From the pilings to the deck and everything in between, a $6- million, federally funded project will serve as a test bed for a variety of fiber-reinforced polymer (FRP) and composite technologies while replacing an existing 54-year-old vehicular bridge in southern Florida.

Construction began on Jan. 9 on the new, 186-ft-long Halls River Bridge in Homassasa, Fla. “The long-term goal is the corrosion-resistance the design will provide against chlorides from saltwater,” says Richard Frank, co-construction manager for the Florida Dept. of Transportation. FDOT’s District 7 alone spent about $100 million on corrosion repairs in the past 14 years.

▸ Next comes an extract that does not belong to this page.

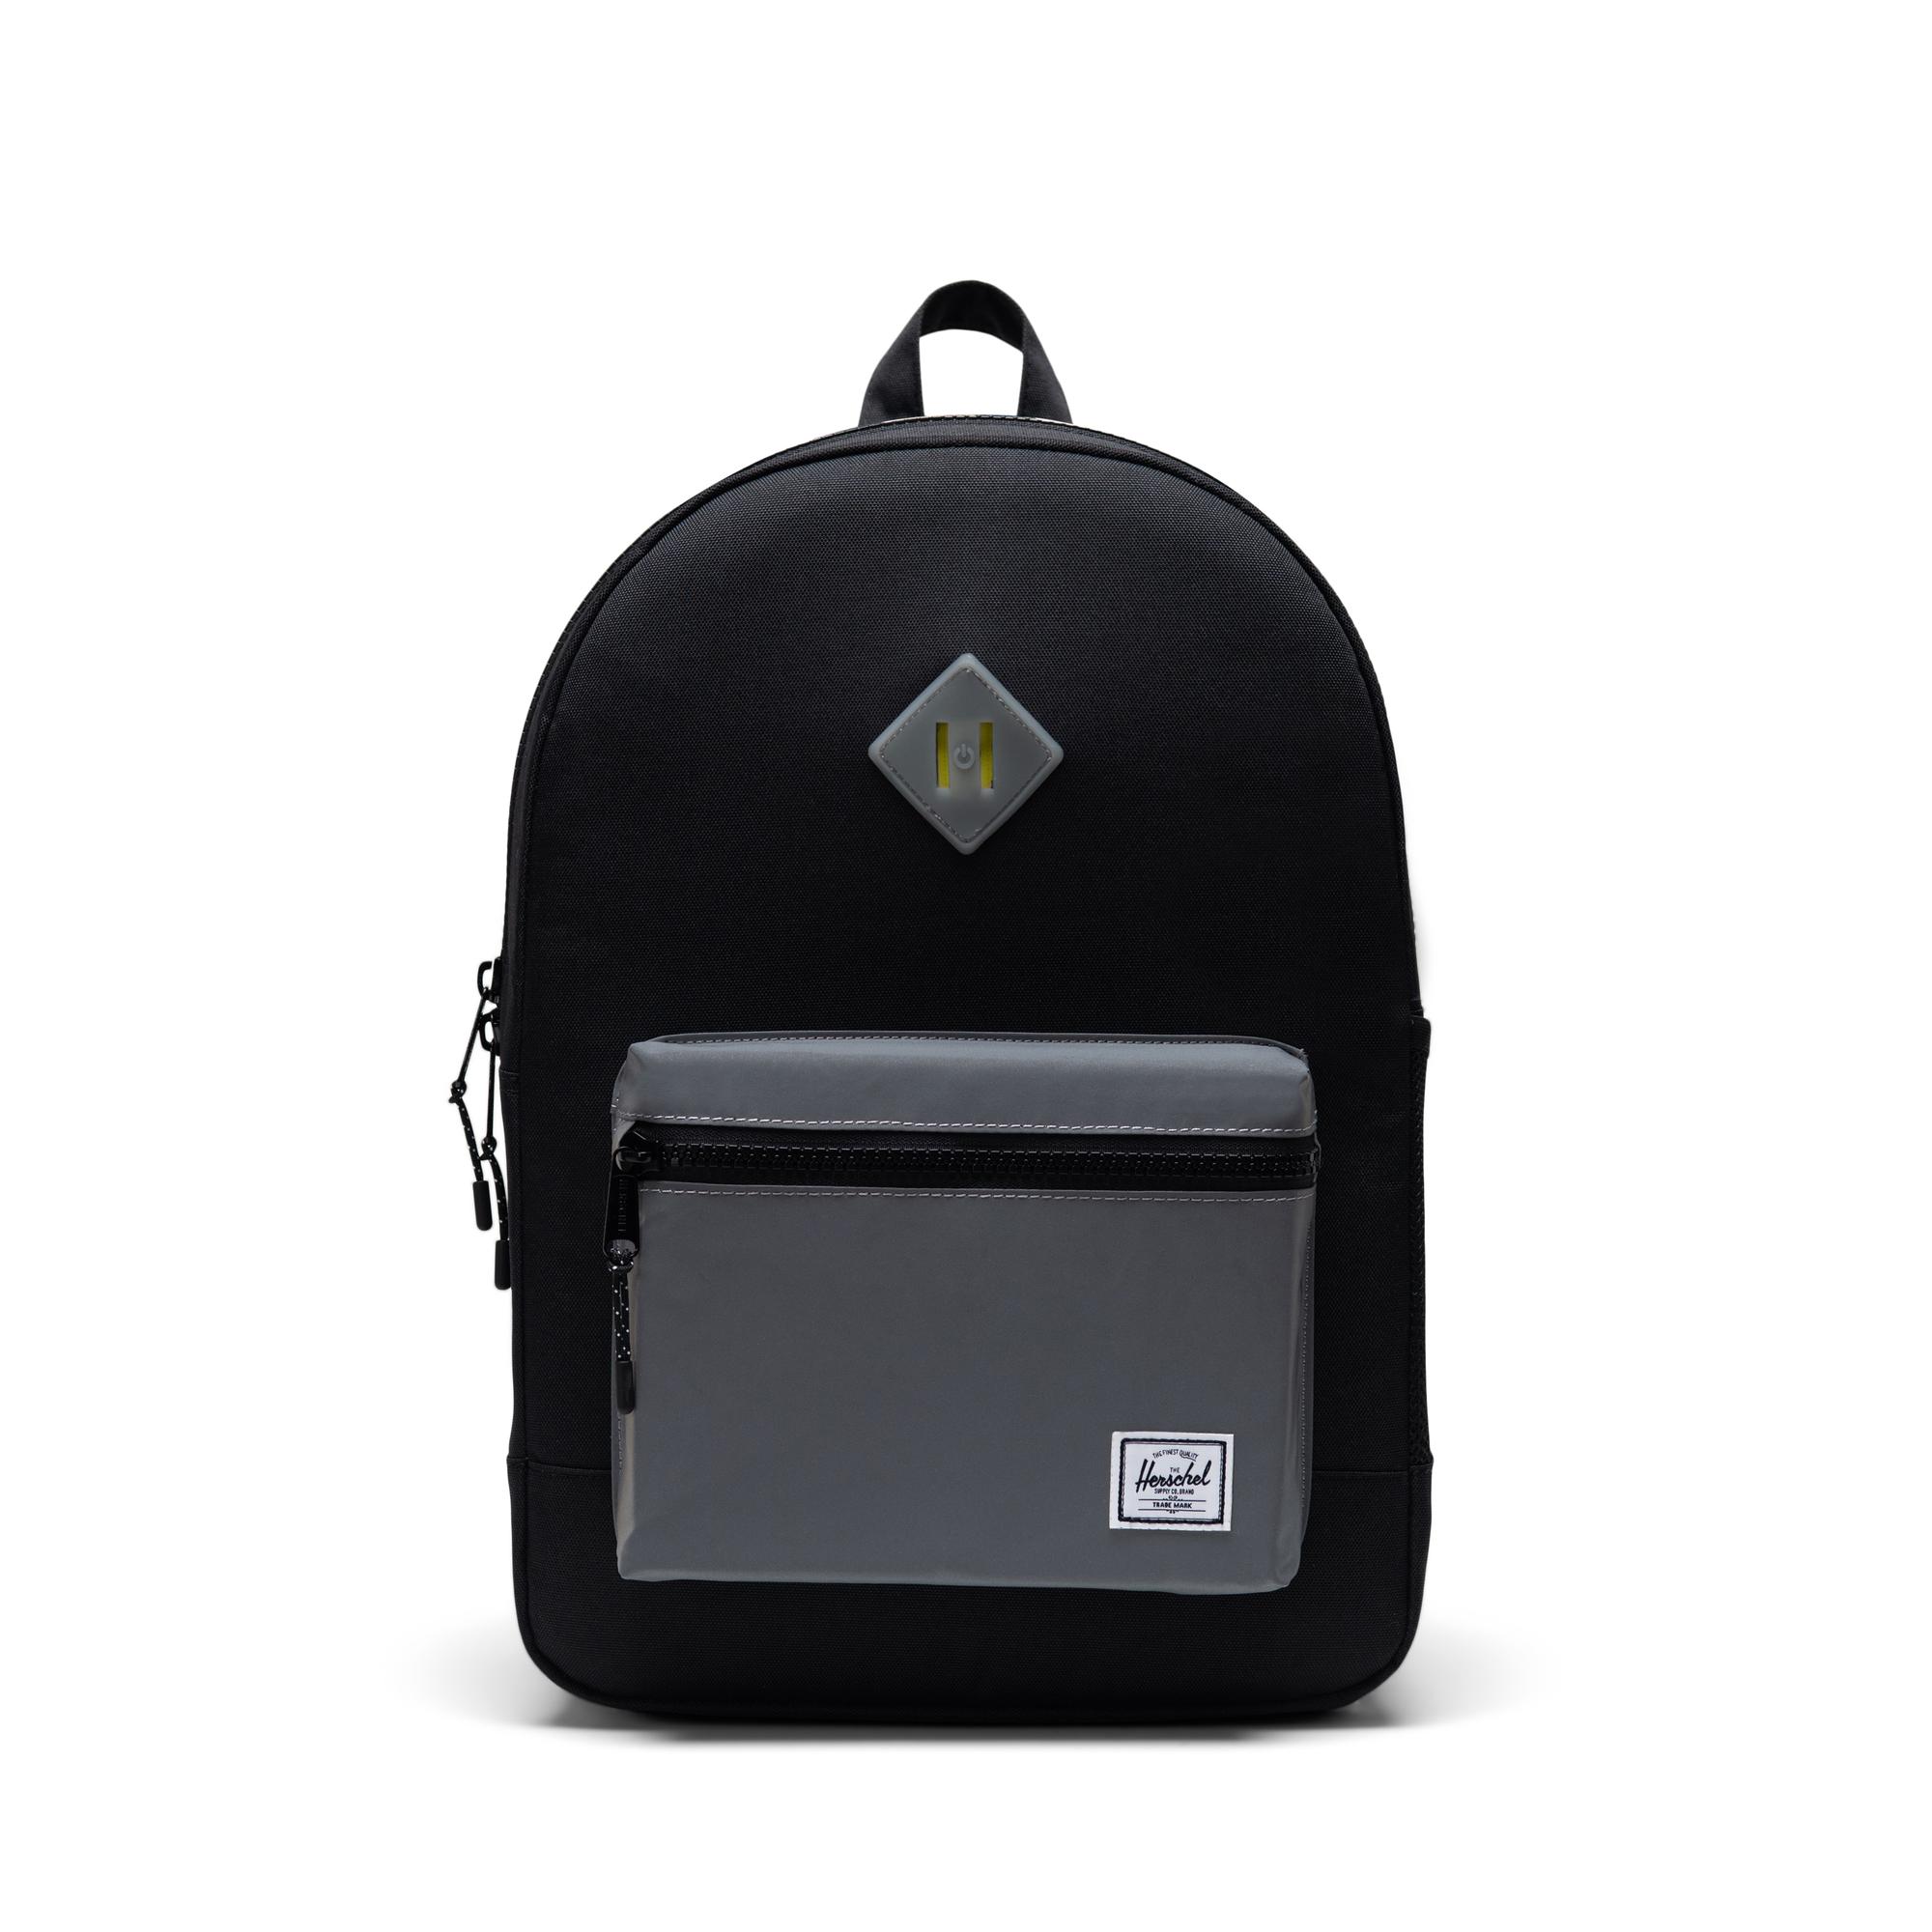 Heritage Backpack Youth XL 22L | Herschel Supply Co.

FDOT originally intended to build the new bridge to test the Hybrid Composite Beam (HCB), a glass-fiber-reinforced plastic shell with high-strength, continuous steel fibers placed along the bottom flange and filled with self-consolidating concrete (ENR 4/12/10 p. 34). The bridge’s five spans will consist of nine 36-ft HCBs fabricated by authorized manufacturer Kenway Corp.

“FDOT in 2013 made a leap of faith and said they would like to try an HCB bridge in District 7,” says John Hillman, HCB’s inventor. “FDOT stepped up to the plate and said, ‘We’d like to be the engineer of record.’ We often have had to roll the cost of design into our product or help a DOT secure a design firm comfortable with technology. We gave FDOT the preliminary design and provided checking and guidance.”

Then, FDOT decided to go further and, in lieu of steel, use glass- or concretefiber-reinforced polymers (GFRP or CFRP) to reinforce the concrete deck piles, sheet piling, abutments, railing and approach slabs.

“This has transformed into a showcase of technology, from the piles to the caps to the deck to the railing,” says Antonio Nanni, chair of the engineering college at the University of Miami, which is participating in project monitoring.

Contractor Astaldi Construction Corp. on Jan. 9 began work on the flat slab bridge supported on driven piles. “A pile-driving program will commence, with a minimum depth of 27 feet,” says Zachary Stringer, co-construction manager with FDOT. “Carbon FRP will be used on the pilings.”

The carbon-fiber composite cable (CFCC) is “a stranded polymer that consists of twisted fibers and thermosetting epoxy resin,” says Yoshiaki Yamamoto, president and CEO of Tokyo Rope USA, the manufacturer. CFCC is non-corrosive, lightweight and flexible, he adds. For the Halls River Bridge, CFCC will serve as prestressing strands for precast-concrete piles and precast-concrete sheet piles.

The product was first deployed on a bridge in Michigan in 2001. As of this year, there will be 21 applications in the U.S., says Yamamoto. CFCC can be easily wound into a coil or on a reel, he adds. Jacksonville-based Gate Precast Co. will install the 18-in.-dia piles from 55 ft to 70 ft deep. “We got this job mainly because of our past experience using carbon-fiber materials,” says Scott Henning, plant manager for Gate Precast.

Gate Precast crews will helically wind a 15-millimeter-dia, seven-cord CFCC—that is, six carbon-fiber cords wrapped around a central straight cord—to prestress the piles longitudinally. Twelve CFCC strands will stretch along the pile’s perimeter, and a 5-mm-dia cord will wind along the length of the pile.

The contractor will convert the existing two-lane bridge into a two-way one-lane bridge and remove half the old bridge; next, the contractor will build the northern half of the new bridge. “Then, [Astaldi] will take the traffic and move it to a two-way, two-lane condition, demolish the other half and construct the southern half,” says Stringer.

Scheduled for completion in November, the bridge is expected to carry about 4,500 vehicles a day.

Before launching the project, the University of Miami and Florida State University helped FDOT to test the GFRP and CFRP components. Contractor crews also will cast test sections during the project, adds Frank. “There are different kinds of reinforcements that the university students will remove at intervals after exposure and run tests to see how they perform.”

FRP components already are showcased on the University of Miami campus in a 70-ft-long footbridge, built last year. The American Concrete Institute has been studying FRP-reinforced concrete for more than 25 years, “but we never had an opportunity to demonstrate it on campus to a community interested in deployment and implications,” says Nanni. “We created a unique structure with not a single pound of steel—only concrete and composites in the forms of prestressed and non-prestressed FRP cables.”

The major barrier to FRPs becoming mainstream has long been the initial cost (ENR 5/24/10 p. 22). FDOT says the Halls River Bridge will cost $221 per sq ft, compared to $166 sq ft for a conventional concrete-and-steel bridge. But it is expected to last at least 75 years with minimal maintenance in a saltwater, corrosive environment.

Responding to concerns that steel is being upended, Nanni says, “We want to make structures durable and sustainable. In some instances, steel is marvelous. But corrosion is something we cannot resolve [with steel reinforcements] when a structure is exposed to chlorides like seawater or deicing salts. Composites serve the purpose where corrosion is a problem.”